LIDAR data is driving this effort, as well, he said. “It’s really revolutionized the way that we look at sea level rise and storm surges. We can be very precise. We don’t want communities to over protect,” he said, “but we also want them to be realistic.”
Public policy challenges
The governments of New Hampshire and Maine have up until now played largely an advisory role in sea level rise issues. People like Diers or employees at the Maine Coastal Program provide planning help to a variety of stakeholders from environmental organizations to municipalities.
It’s a role, said Diers, that’s not likely to change much in the future. Grant funding comes almost entirely from the federal government and, in these economic times, he thinks it’s unlikely that state government will step up funding in a significant way.
“We give money to emergencies. Unfortunately, there’s no such thing as a planning emergency,” he said. “That said, there’s a lot to do and we will do everything with what we have to help.”
The New Hampshire Legislature recently passed a bill that would form a sea level rise commission to study the issue and make policy recommendations to the Legislature.
State Sen. David Watters, D-Dover, sponsored the legislation, which was co-sponsored by state Sens. Nancy Stiles, R-Hampton, and Martha Fuller Clark, D-Portsmouth.
“The fact is, there may be dire financial consequences” from storm surge and sea level rise,” Watters said. “Shouldn’t we plan wisely now?”
Federal funding is available for planning, particularly through NOAA, but it’s not sufficient to meet the fiscal challenge facing most coastal communities, said USM’s Sam Merrill.
“There are federal funds available for some things, and I think we’ll see them continue to take a role,” he said.

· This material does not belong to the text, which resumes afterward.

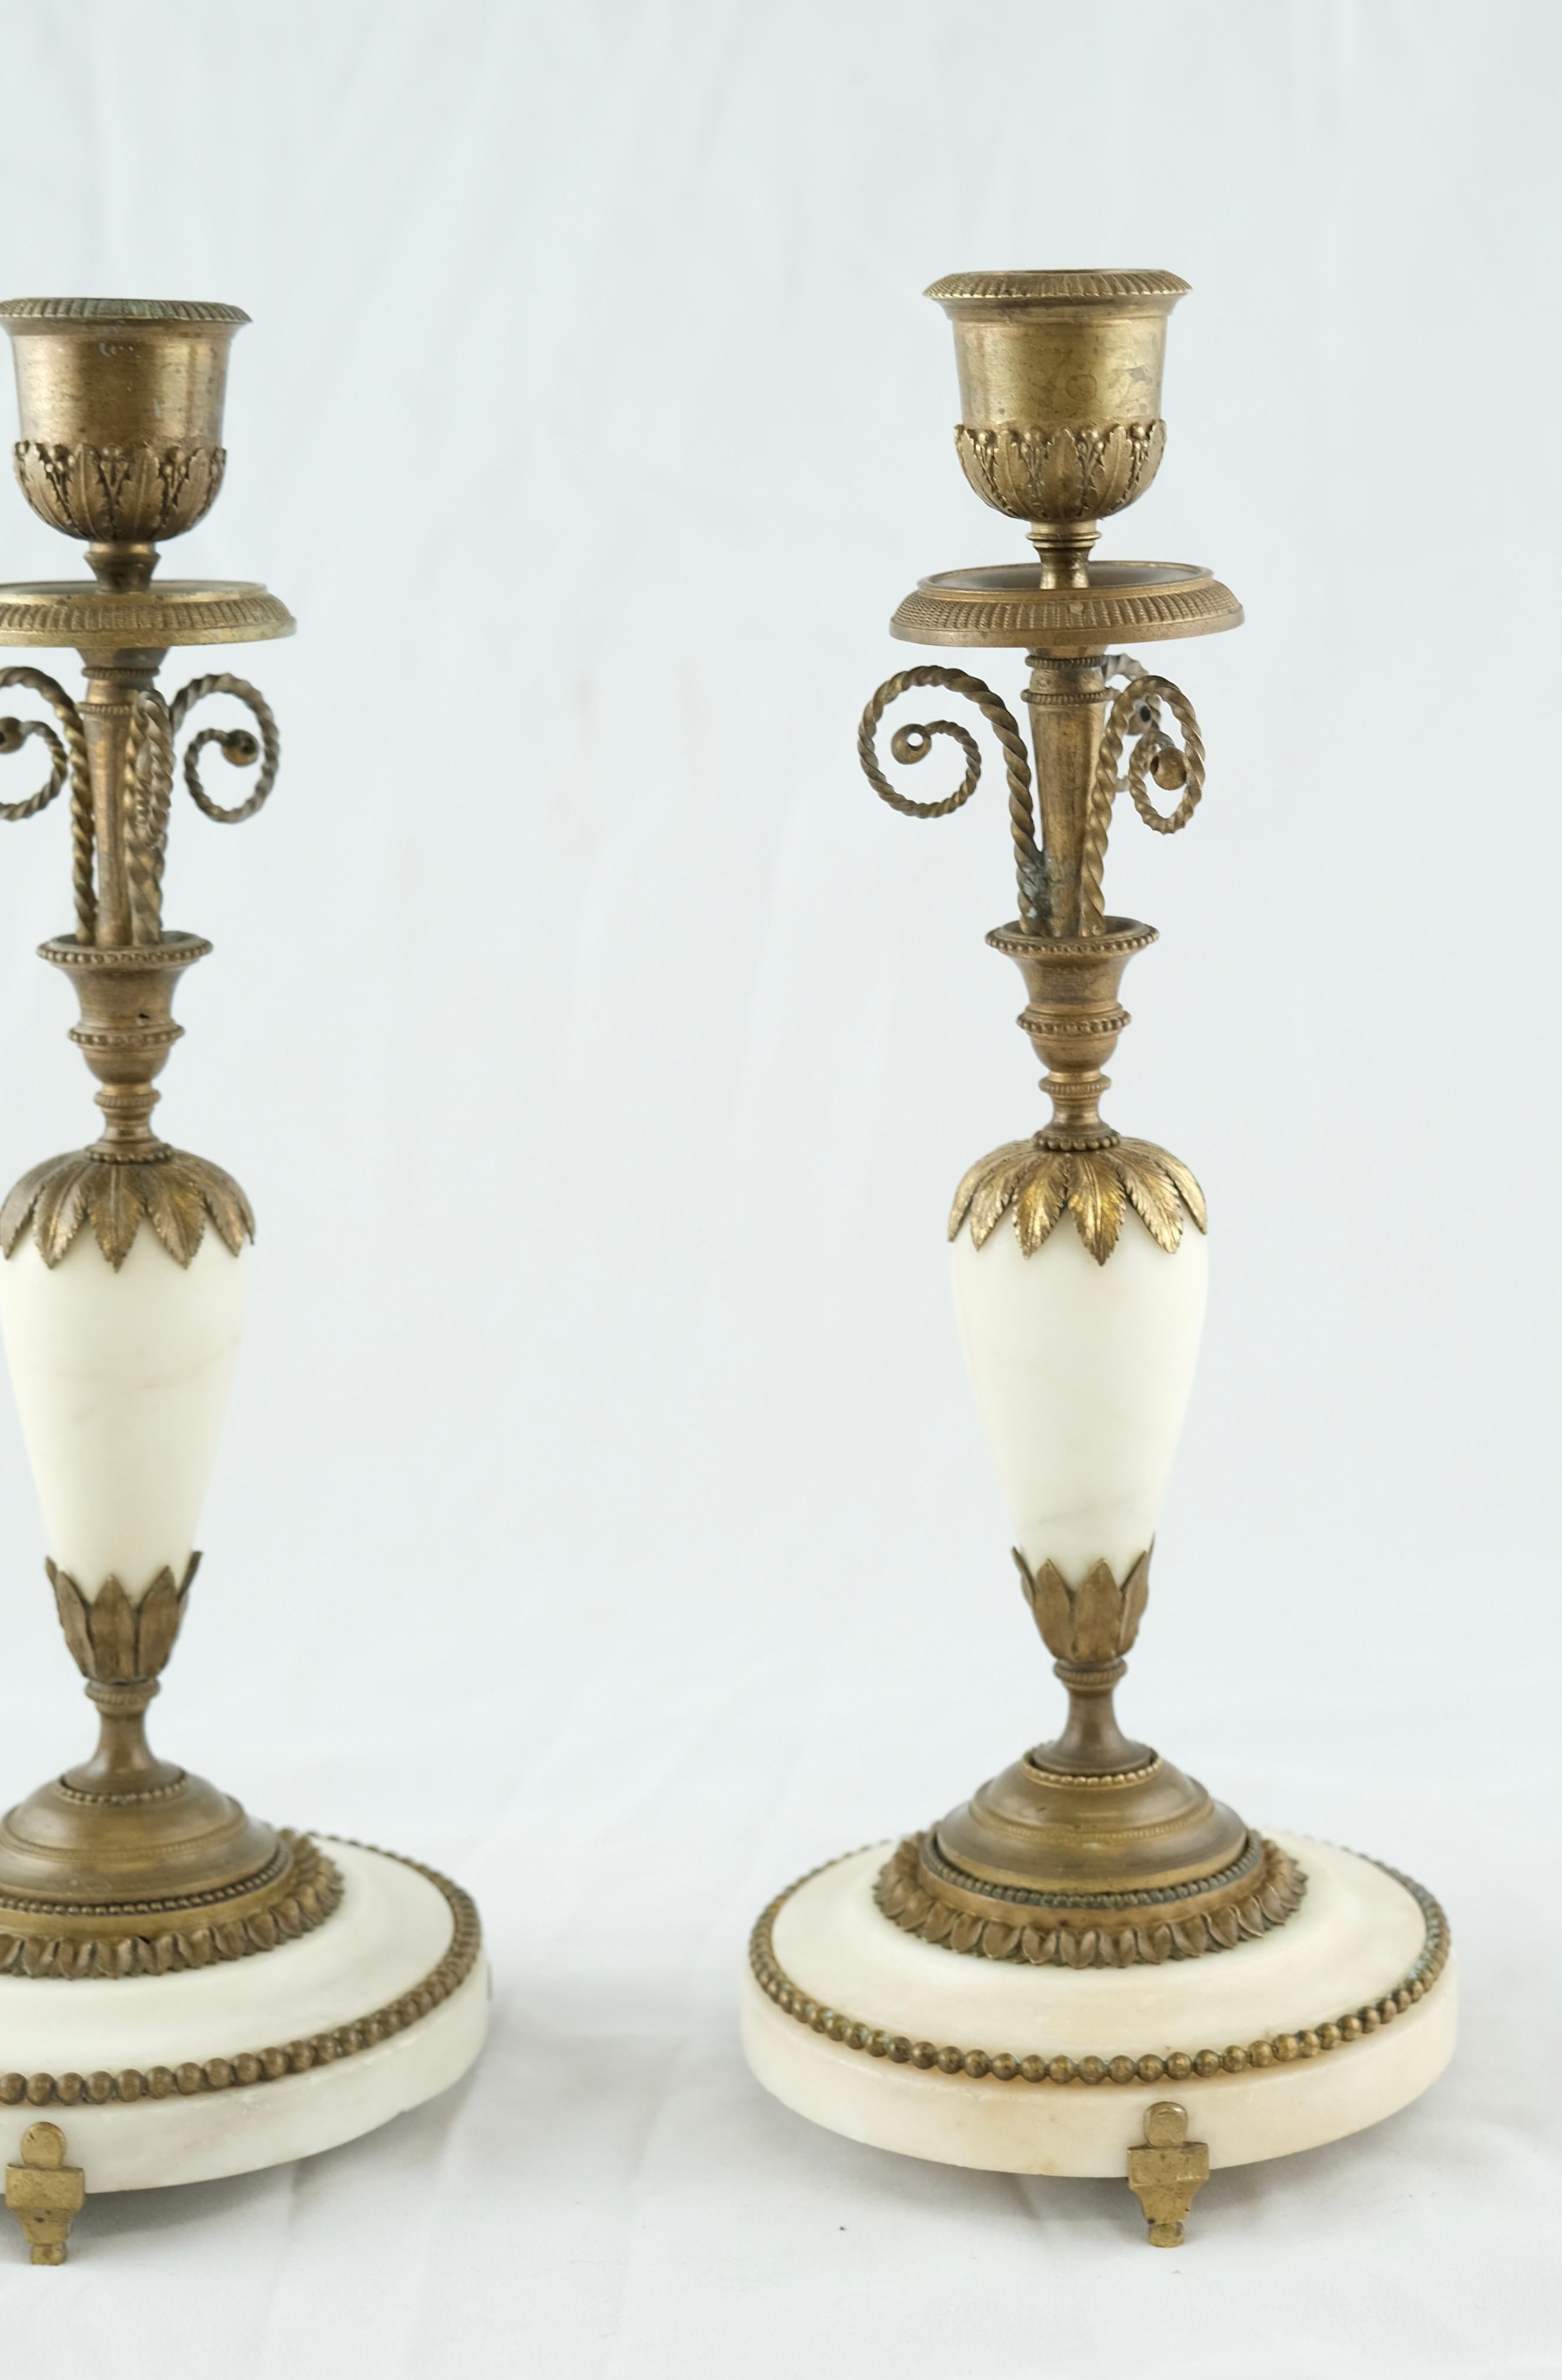 European Pair of French Directoire Candlesticks Made in the 1790s For Sale

But the grants tend to be small and are likely over time to become smaller, he said.
When it comes to federal disaster relief, funding is not expected to continue at current levels.

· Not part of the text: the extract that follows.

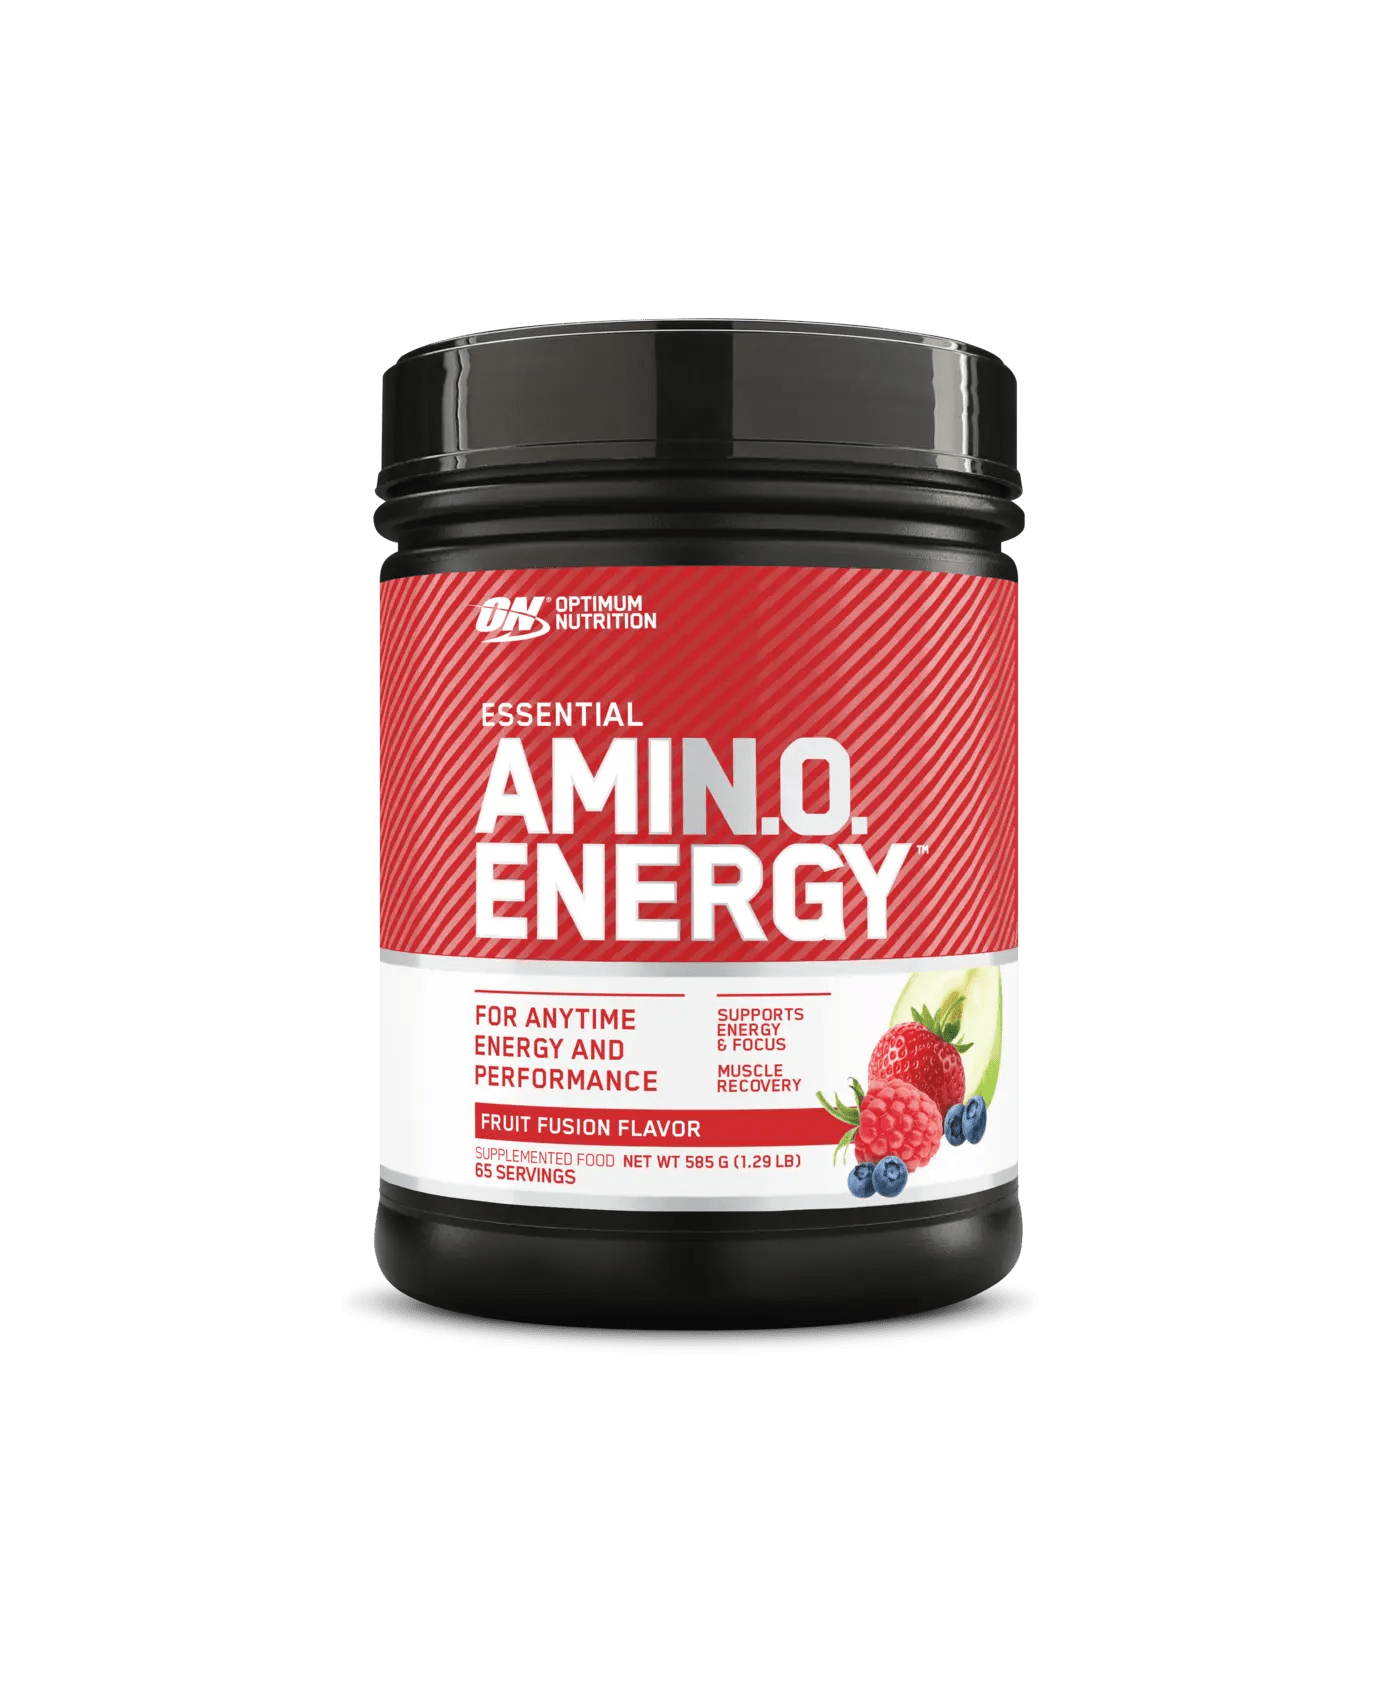 Optimum Nutrition - Essential Amino Energy - Supplements - Fruit Fusion - The Cave Gym

“It’s impossible for the federal government to come in and pay for everyone,” said Sowers.
Federal flood insurance is going to become insolvent at some point, he said, as more powerful storms damage buildings and infrastructure.
“Federal flood insurance programs aren’t supposed to lose money,” Lockman said. “Just like any insurance, the premiums are supposed to be greater than the outlay. But that’s changing. The usual way of doing things isn’t sustainable.”
That leaves it up to municipalities to bear the brunt of the cost of adaptation measures.
“The fact is, federal and state coffers are broke,” Merrill said. “Municipal government has to say, ‘We have to take this into our own hands.'”
“The message I take away is that if communities understand the challenges they face, the ball is in their court to look after themselves,” he said.
But Diers is quick to say the world is not ending tomorrow.
“You plan now, and you set aside a little every year,” he said. “When we’re talking about a 100-year time frame, the whole idea is to talk about it now. If you’re planning to put in the same culvert you put in 30 years ago, you might want to rethink that. It’s that kind of thing.”
The fact is, said Diers and others, municipalities don’t have much of a choice. But UNH’s Wake said he understands there’s a psychological barrier to deal with, as well.
“It’s a big shift, there’s no doubt about it,” he said. “If you really accept this is happening, it’s scary. Because if you accept it, you have to start thinking about what you’re going to do — to protect yourself, your family and the community.”